#### Input records:
○ ○ ○
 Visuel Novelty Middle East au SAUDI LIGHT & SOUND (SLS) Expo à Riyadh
○ ○ ○
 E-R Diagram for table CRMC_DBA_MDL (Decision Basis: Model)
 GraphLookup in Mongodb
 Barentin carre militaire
○ ○ ○
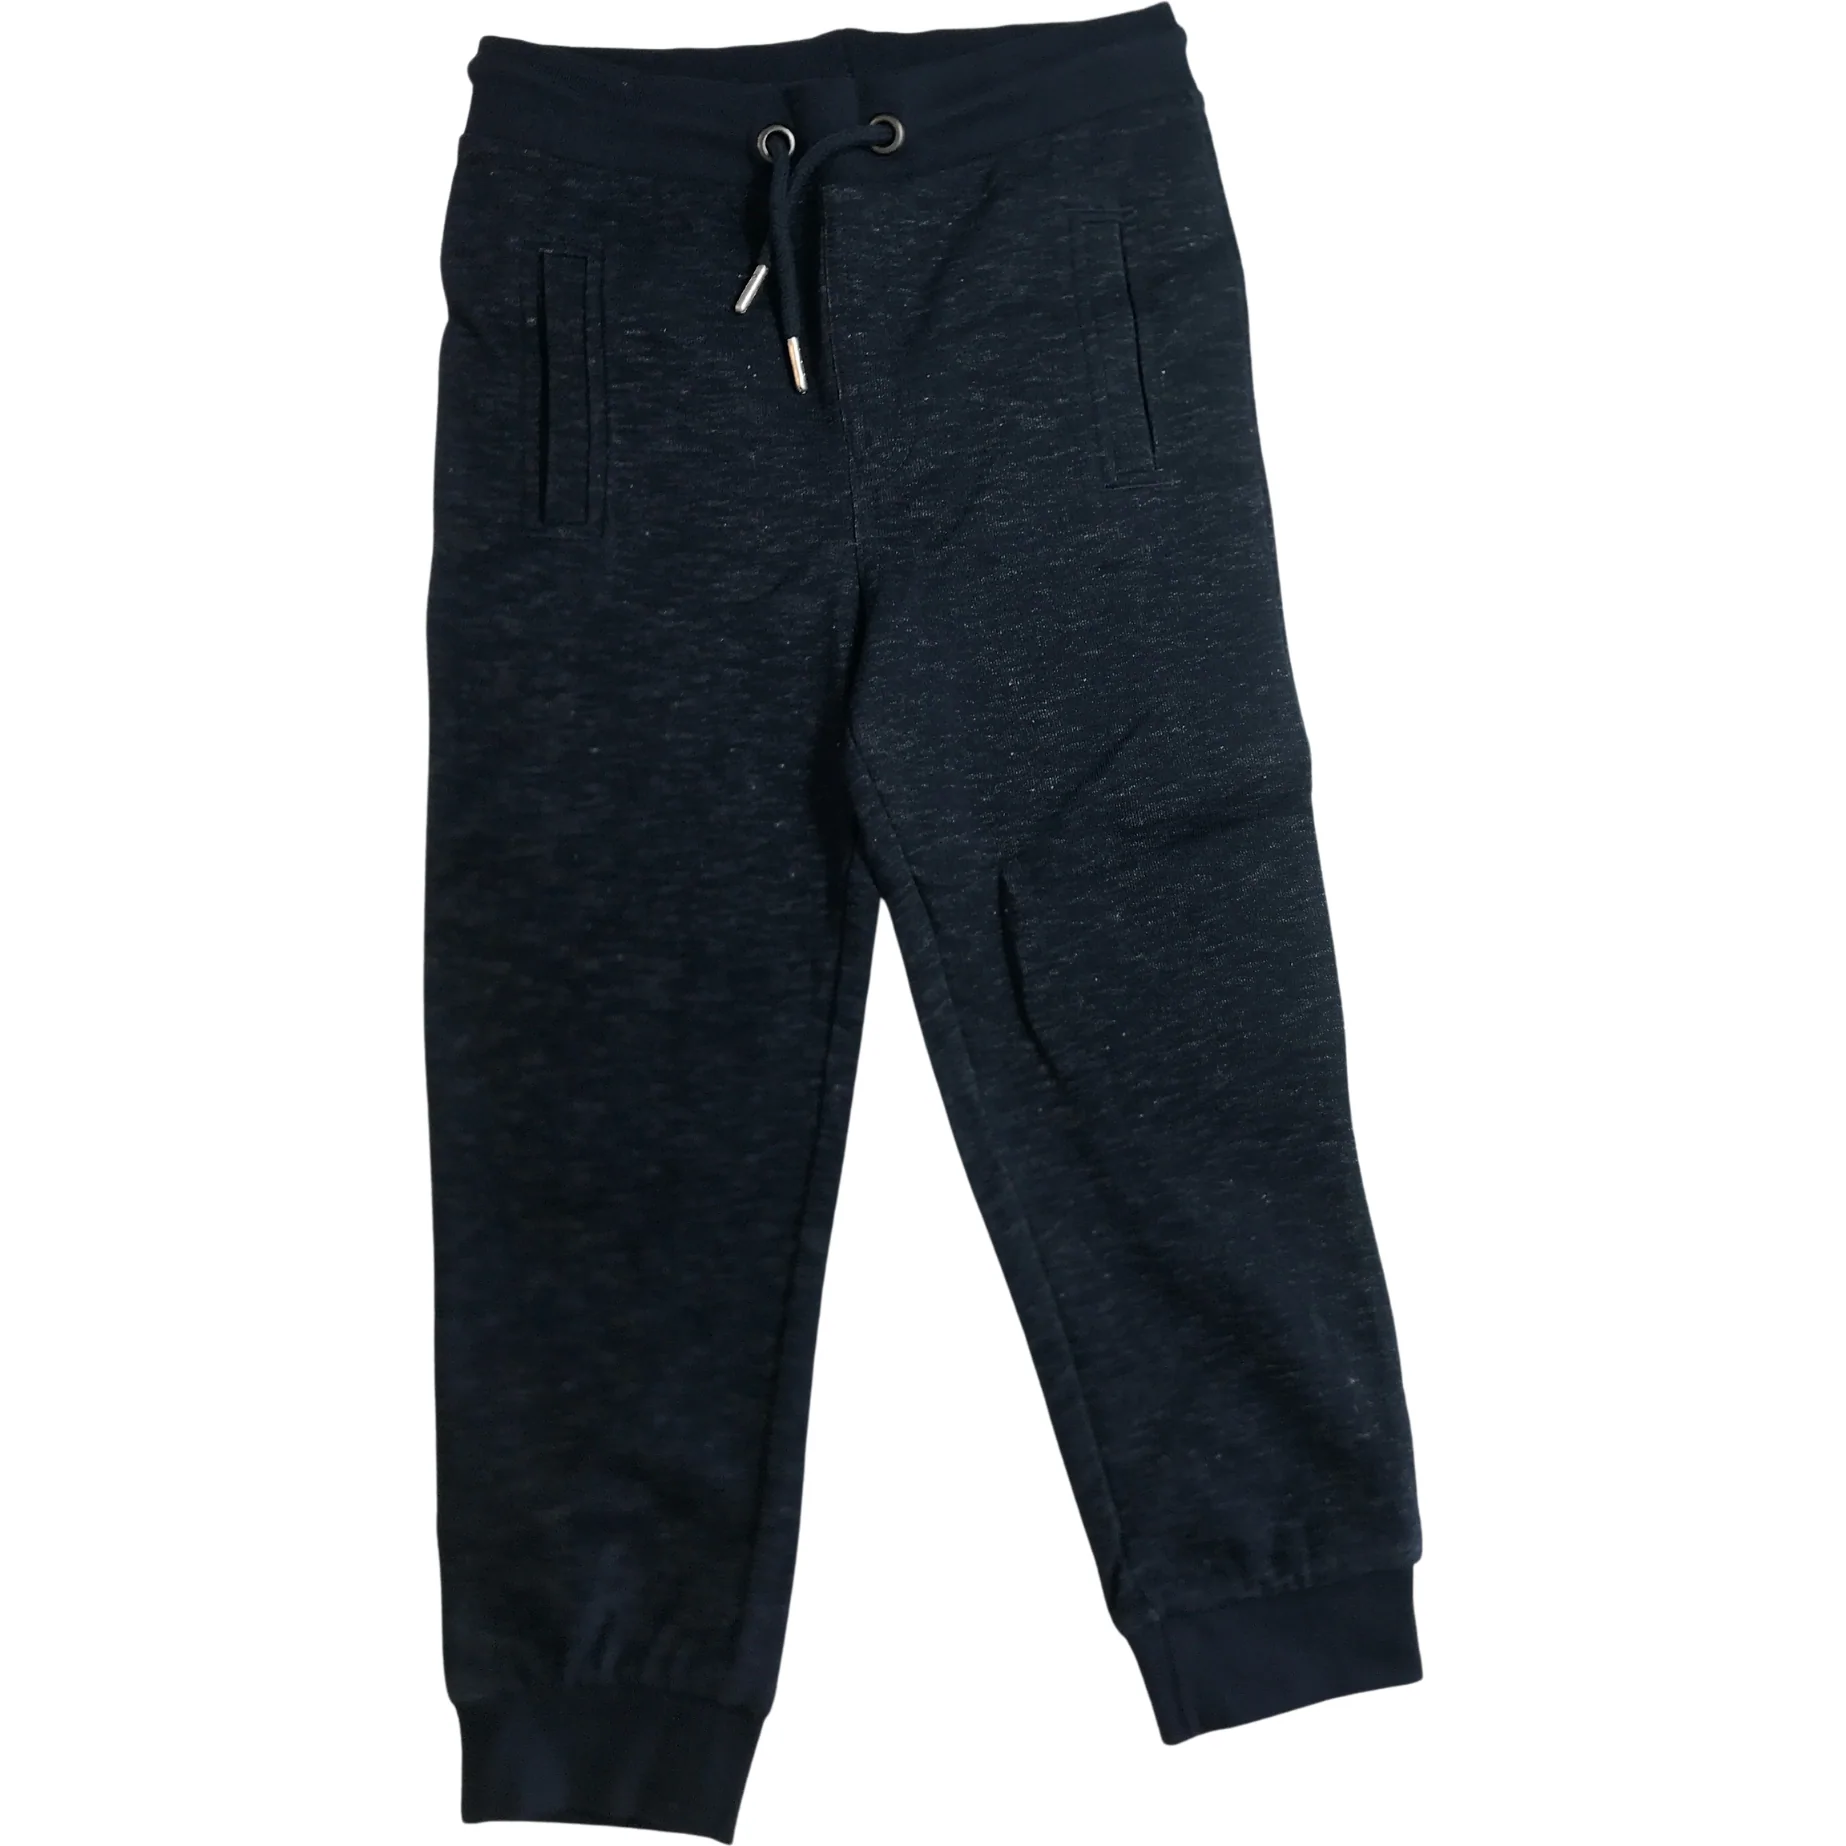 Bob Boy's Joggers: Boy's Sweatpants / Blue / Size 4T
○ ○ ○
#### Task directions:
Within the listing above, the range opens at the line with "GraphLookup in Mongodb" and closes at the line with "Barentin carre militaire". Reproduce exactly the lines of that range, including both ends.

#### Written answer:
 GraphLookup in Mongodb
 Barentin carre militaire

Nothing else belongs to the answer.